Piquant Picanha: Steaking out a muscle you’ll love

Photo by Fábio Alves on Unsplash

Move over, sirloin, rump and rib-eye – picanha has hit town. As for you, fillet, take a back seat.

If sirloin is the paso doble, refined yet simple in execution, and rib-eye is a saucy salsa, pleasing to both eye and senses, then T-bone must be flamenco with its mix of dance, snapping fingers and clapping, ever a confusing steak to cook. Rump, ubiquitous as it is and prized by many, must be a freestyle Spanish dance, made up of a bit of this and a bit of that, and a cut that often defies the cook to get it tender all over. Fillet. Well. A simple foxtrot maybe. Nothing too complicated, easy to learn.

But… Enter the picanha, a cut of beef that’s as feisty as a flamenco queen burning up the floor to El Tango de Roxanne from Moulin Rouge. The picanha has one particular thing (among others) over the rump: Unlike the rump, it is made of only one muscle, which makes it much easier to cook to perfection. But there’s more to it than that.

Until this week, I’d never heard of a picanha cut of beef. But there’s nothing like a learning curve. Here’s what transpired.

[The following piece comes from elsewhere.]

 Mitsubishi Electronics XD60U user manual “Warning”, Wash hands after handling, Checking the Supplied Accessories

A little taste of Brazil came into my Karoo kitchen this week, courtesy of my local Spar butcher having got hold of a cut of beef called the picanha. This cut, which is a single muscle from the rump next to the tail, includes a thick layer of fat, and this “cap” of fat is essential to the cut’s flavour and quality.

The term derives from “picana” (no “h”), the name of a pole that was used by farmers in the Alentejo area of Portugal and Spain when herding cattle. They’d prod the beasts at the tail end. Wikipedia informs us that the term, when shipped to Brazil, came to be used for the now famous cut of meat, its spelling slightly changed over time.

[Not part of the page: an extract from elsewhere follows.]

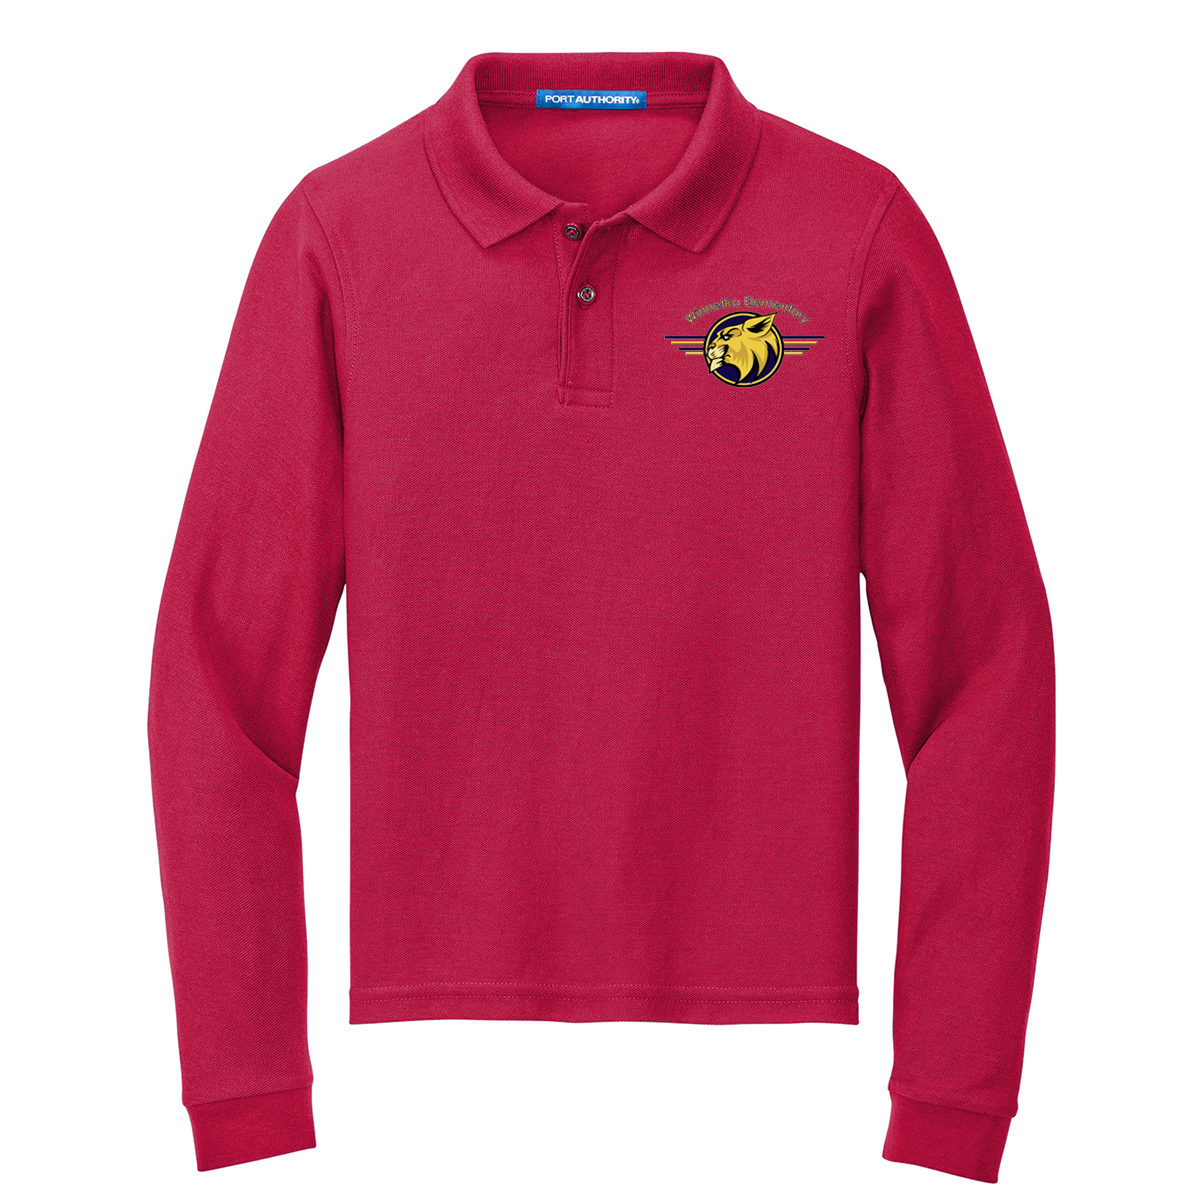 Winnetka - Youth Long Sleeve Polo - Red (Y500LS) - Southern Grace Creations

Picanha – the beef cut – is slowly making its way into our butcheries and supermarkets, and on to the occasional restaurant or steakhouse menu, but it deserves to be far more widely known and appreciated. I tried it this week for the very first time, and am immediately won over.

Butchers everywhere, listen up: we need the picanha to catch on. It is a sublime piece of beef if you’re looking for a steak packed with flavour as well as being juicy and tender. Home cooks and restaurateurs, if you don’t know the picanha, it’s time to investigate it and get it on your menus. Spur steak ranches, you too.

It transpires that it’s also called rump cap, rump cover, top sirloin cap, coulotte/culotte, and is not to be confused with the top sirloin, which is the cut a little further along the beast’s back, as in further away from the tail. Meat cuts are difficult to understand at the best of times, and complicating things further is that cuts have different names in different countries; butchers in different countries cut up the beast in different ways, and the same cut even has more than one name in some countries.

But in Brazil this cut is the picanha, and it abuts (pardon the expression) a cap of fat which sits next to the tail, and to cut off the fat would be a travesty. More technically, it’s the M. biceps femoris muscle and its cap of fat. Traditionally, I read to my horror, butchers have been in the habit of cutting off and discarding the layer of fat right at the tail. And in the US, butchers generally cut off the fat when selling a slab of picanha, unless the customer requests that the fat stay on. Americans, as we increasingly know, do not always get things right. But enough of politics.

Perhaps surprisingly, what Brazilians call the picanha is a part of the traditional British topside cut, a favourite for the ubiquitous roast beef with Yorkshire pudding. The picanha is only a small part of an American cut called the round, which stretches right across the beast from tail to underside. In France the Brazilian picanha cut is a very small part of the amusingly named “rumsteck”, which includes the sirloin. But cook a slab of picanha, taste it, and you’re likely to agree that Brazilians get it right.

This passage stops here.